The main benefit of active-code replacement is that code for new computational methods can be deployed right away and executed almost instantly, without affecting other ongoing tasks. In contrast, a standard update of the cloud or client installation necessitates redeploying and restarting the respective components of the system. In an idealized test setup, where the various workstations that run the user, cloud and client components of OODIDA are connected via Ethernet, it takes a fraction of a second for a custom on-board or off-board method to be available for the user to call when deployed with active-code replacement, as shown in Table 1. On the other hand, automated redeployment of the cloud and client installation takes roughly 20 and 40 s, respectively. The runtime difference between a standard update and active-code replacement amounts to three orders of magnitude. Of course, real-world deployment via a wireless or 4G connection would be slower as well as error-prone. Yet, the idealized evaluation environment reveals the relative performance difference of both approaches, eliminating potentially unreliable data transmission as a source of error.
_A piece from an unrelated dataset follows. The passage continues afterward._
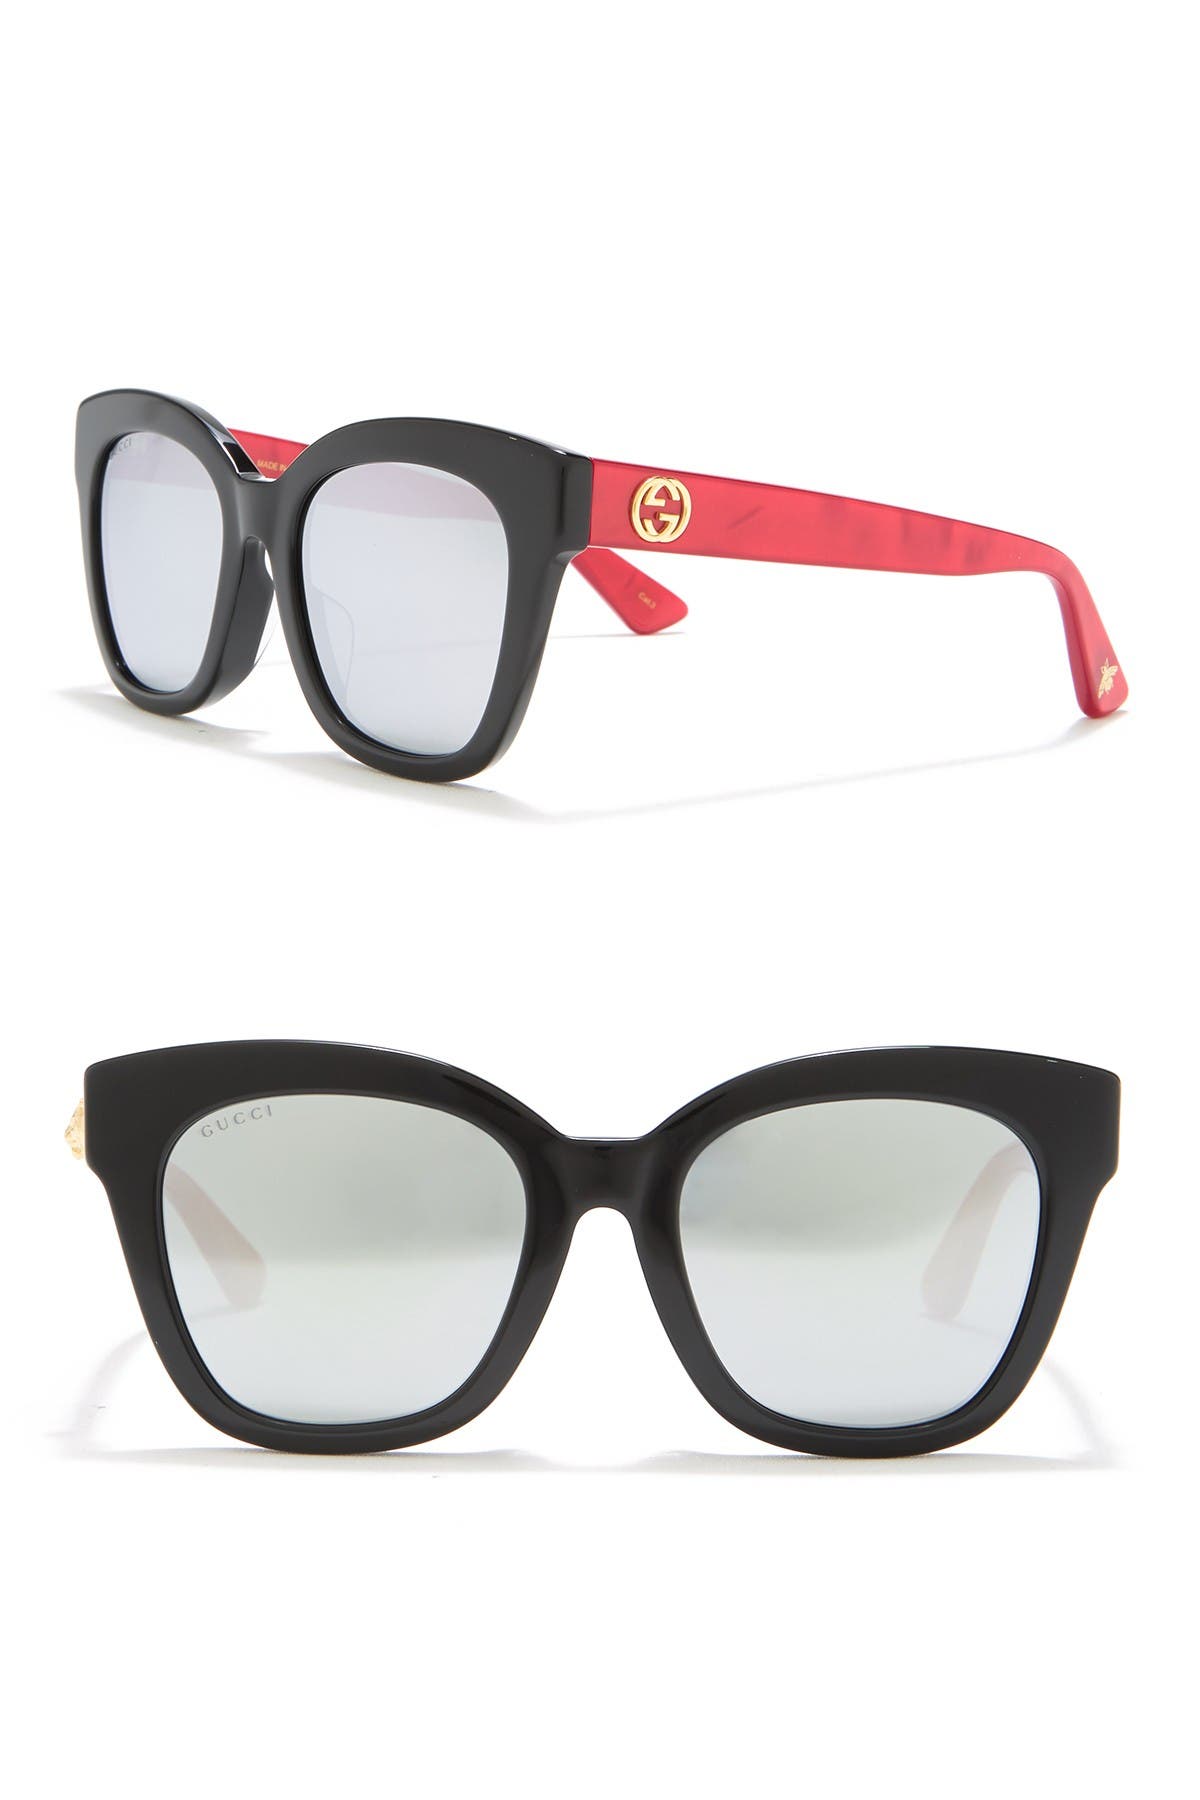 gucci 52mm rectangle sunglasses
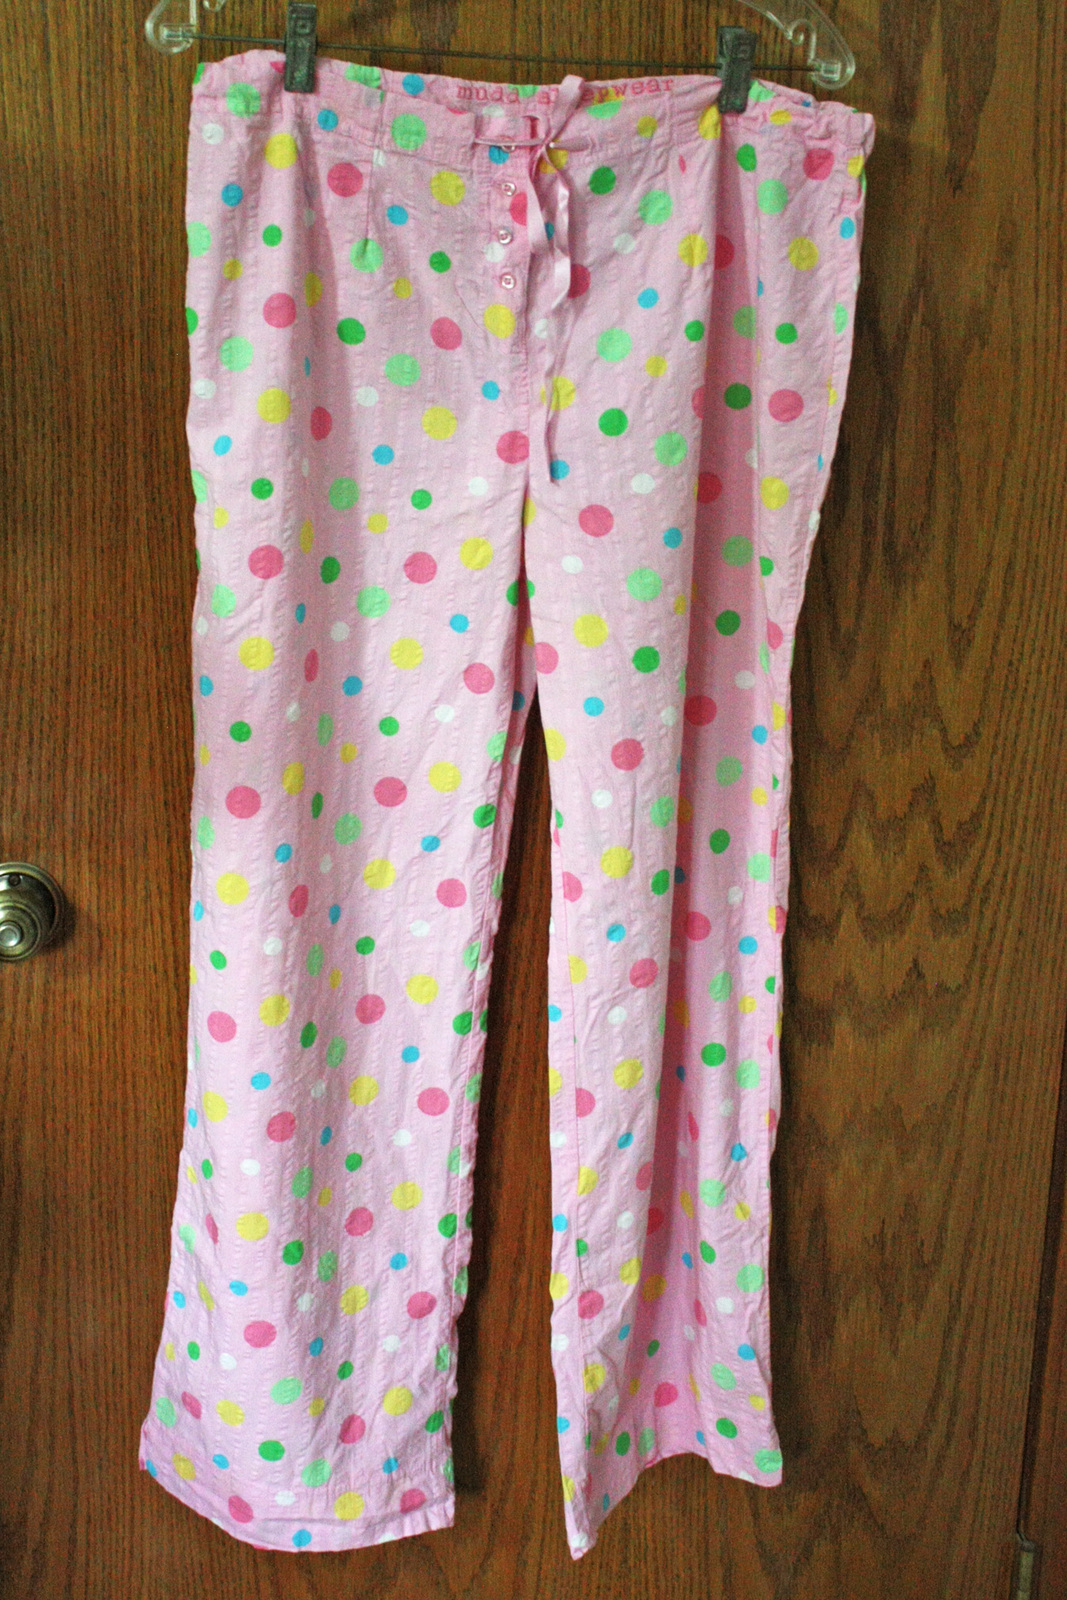 Mudd Sleepwear Pink Pants with Polka Dots Sleepwear Size XL Juniors (15) - $12.99

This comparison neglects that, compared to a standard update, active-code replacement is less bureaucratic and less intrusive as it does not require interrupting any currently ongoing assignments. Also, in a realistic industry scenario, an update could take days or even weeks due to software development and organizational processes. However, it is not the case that active-code replacement fully sidesteps the need to update the library of computational methods on the cloud or on clients as OODIDA enforces restrictions on custom code. For instance, some parts of the Python standard library are off-limits. Also, the user cannot install external libraries. Yet, for typical algorithmic explorations, which users of our system regularly conduct, active-code replacement is a vital feature that increases user productivity far more than the previous comparison may imply. That being said, due to the limitations of active-code replacement, it is complementary to the standard update procedure rather than a competitive approach.

5 Related Work

The feature described in this paper is an extension of the OODIDA platform [5], which originated from ffl-erl, a framework for federated learning in Erlang/OTP [4]. In terms of descriptions of systems that perform active-code replacement, Polus by Chen et al. [1] deserves mention. A significant difference is that it replaces larger units of code instead of isolated modules. It also operates in a multi-threading environment instead of the highly concurrent message-passing environment of OODIDA. We also noticed a similarity between our approach and Javelus by Gu et al. [2]. Even though they focus on updating a stand-alone Java application as opposed to a distributed system, their described “lazy update mechanism” likewise only has an effect if a module is indeed used. This mirrors our approach of only loading a custom module when it is needed.

Table 1. Runtime comparison of active-code replacement of a moderately long Python module versus regular redeployment in an idealized setting. The former has a significant advantage. Yet, this does not factor in that a standard update is more invasive but can also be more comprehensive. The provided figures are the averages of five runs.